PROJECT ABSTRACT
Heart transplantation is a life-saving treatment for end-stage heart failure, a devastating disease which kills over
250,000 Americans each year. Unfortunately, the supply of deceased donor hearts cannot meet demand, and
over a third of candidates will die or be delisted without transplant. In the context of such scarcity, allocation must
make the best use of scarce deceased donor hearts by ranking candidates from most to least medically urgent.
In contrast to other organ transplant systems, there is currently no objective score used to rank heart transplant
candidates on the waitlist. Instead, each candidate’s priority for transplantation is based on “Status,” a
designation determined by the supportive therapy prescribed by their transplant center. I have previously shown
that some heart transplant centers appear to overtreat candidates with intensive therapies at far higher rates
than other centers. My preliminary data demonstrates that these practices have consequences for heart
allocation effectiveness. High survival benefit centers reserve intense supportive therapy for candidates who
have poor prognoses without transplant, saving lives by prioritizing the sickest patients. In contrast, low survival
benefit centers list stable candidates and escalate the use of supportive therapies.
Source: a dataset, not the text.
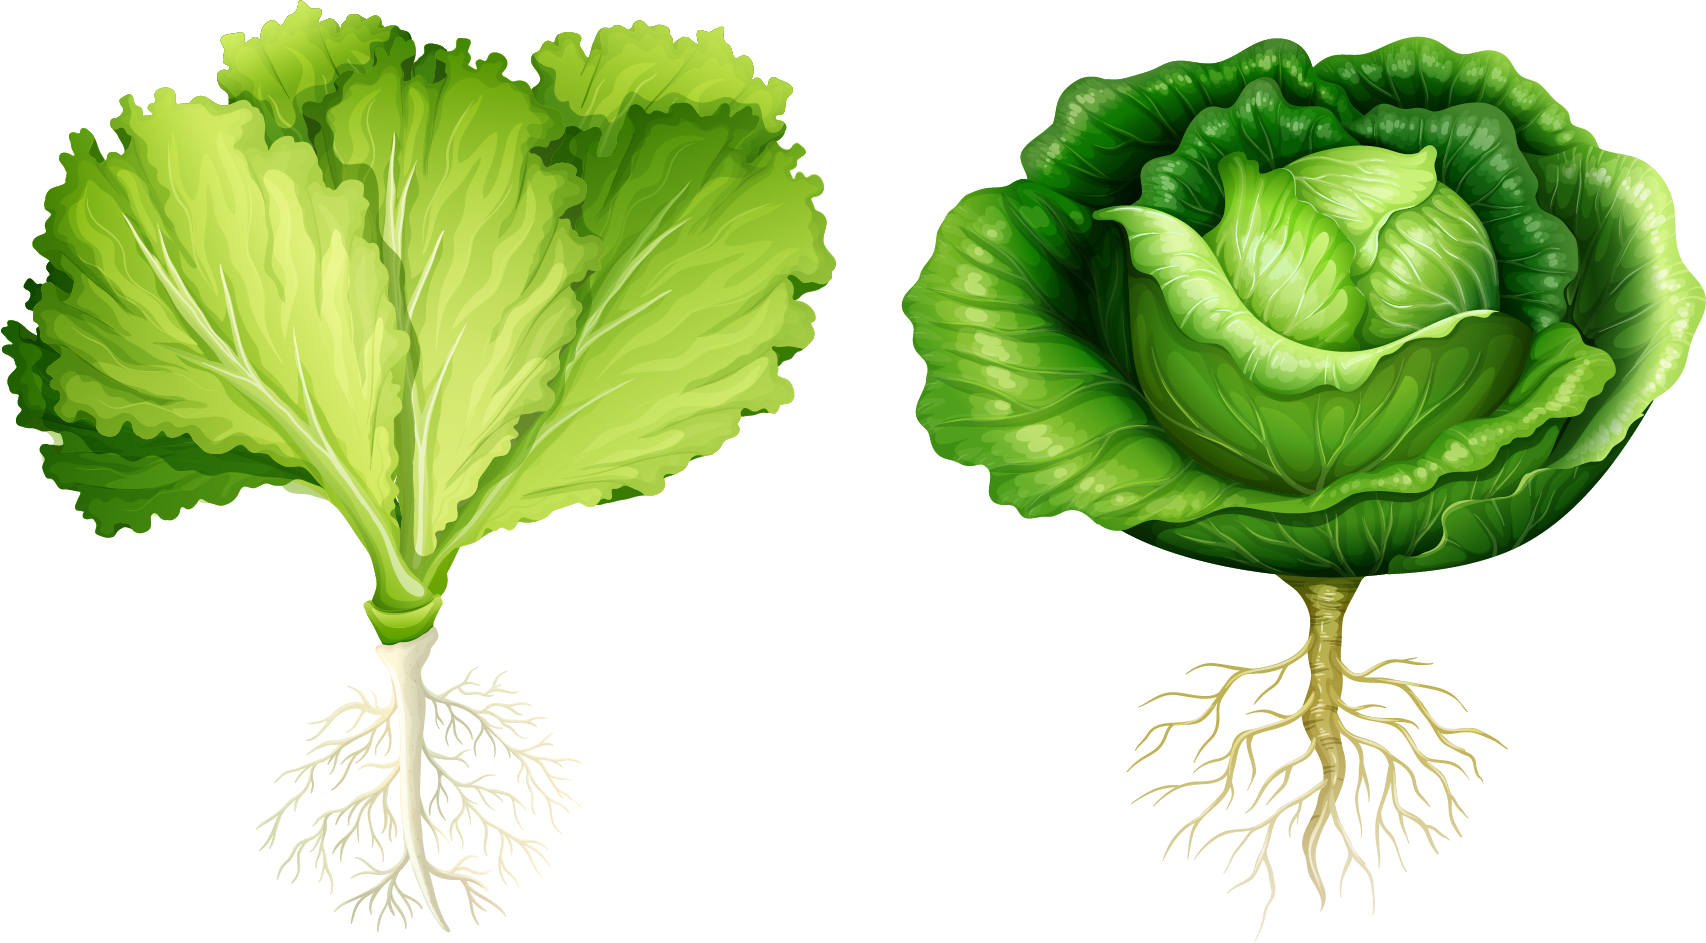 Lettuce Root Vegetable Illustration - Start With Letter V (1706x943)
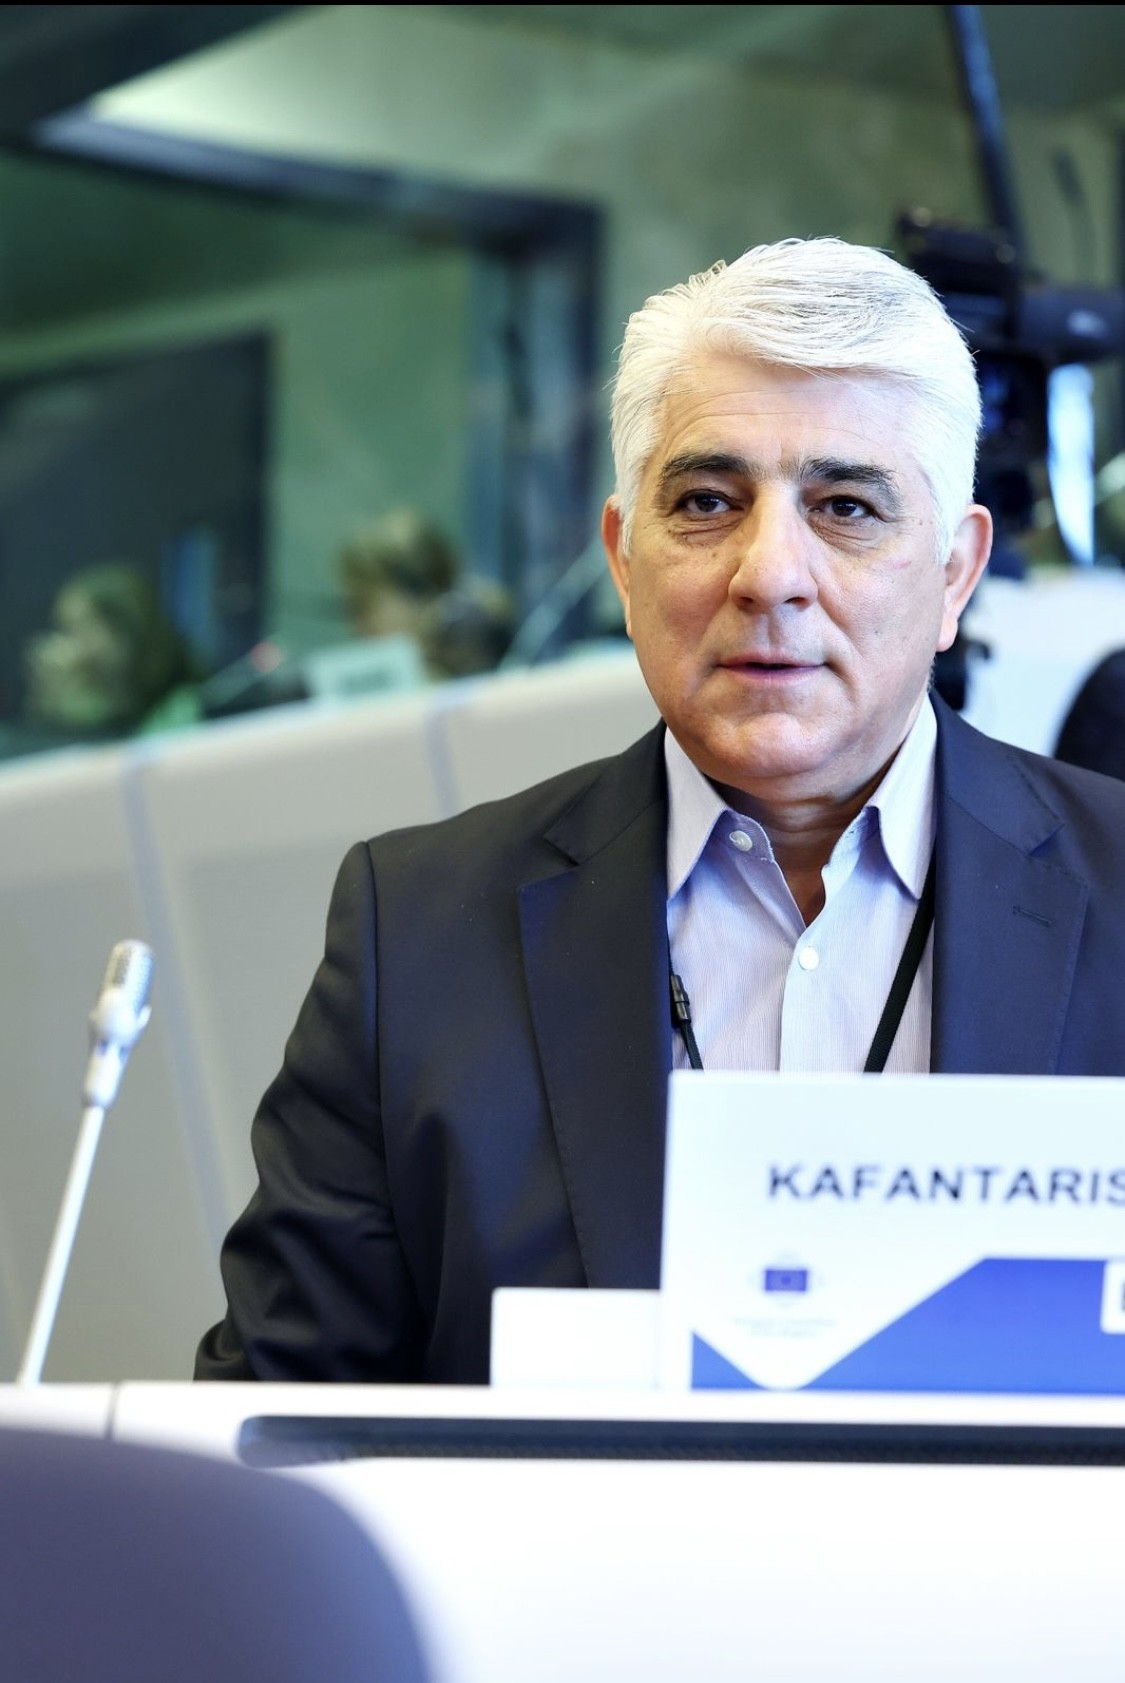 Δημήτρης Καφαντάρης: Όταν συμμετέχουμε στις συνεδριάσεις της Ε.τ.Π. ως «Εθνική Ελλάδος» οι επιτυχίες είναι σημαντικές

Based on these data, there
is a clear need for a new system to fairly allocate donor hearts. The overall objective of this K08 application is to
develop and simulate a novel Heart Allocation Score (HAS) designed to objectively identify the candidates who
gain the greatest survival benefit from heart transplantation. Previous attempts to develop such a score using
conventional statistical methods have been inaccurate, but cutting-edge machine learning (ML) techniques
outperform conventional regression models in many clinical contexts. In addition, a new open-source Heart
Simulated Allocation Model (HSAM) is needed to compare policy alternatives because the available program is
closed-source, inflexible, outdated, and structurally unable to simulate allocation scores developed with ML. My
overall hypothesis is that a HAS developed with ML will lead to policy that optimizes heart allocation. I will test
this hypothesis in three Aims. In Aim 1, I will use the complete national transplant registry dataset (N = 109,315
adult candidates) to predict waitlist survival, comparing ML prediction models to the current therapy-based
system. In Aim 2, I will use the same registry to predict post-transplant survival for heart recipients, comparing
conventional statistical methods to ML. In Aim 3, I will develop a) a new, open-source HSAM which I will use to
b) compare current policy to a novel HAS policy constructed from the best prediction models from Aim 1 & 2. My
overall career goal is to save lives by designing delivery systems that fairly and efficiently distribute scarce
medical resources. To accomplish this, I plan to earn a PhD in Health Services Research focused on ML,
simulation modeling, and health policy. Achieving the goals of this proposal will lead to the foundation of a novel
heart allocation system that has the potential to save lives and equip me with the skills needed for future R01-
level applications in the field of scarce healthcare resource allocation.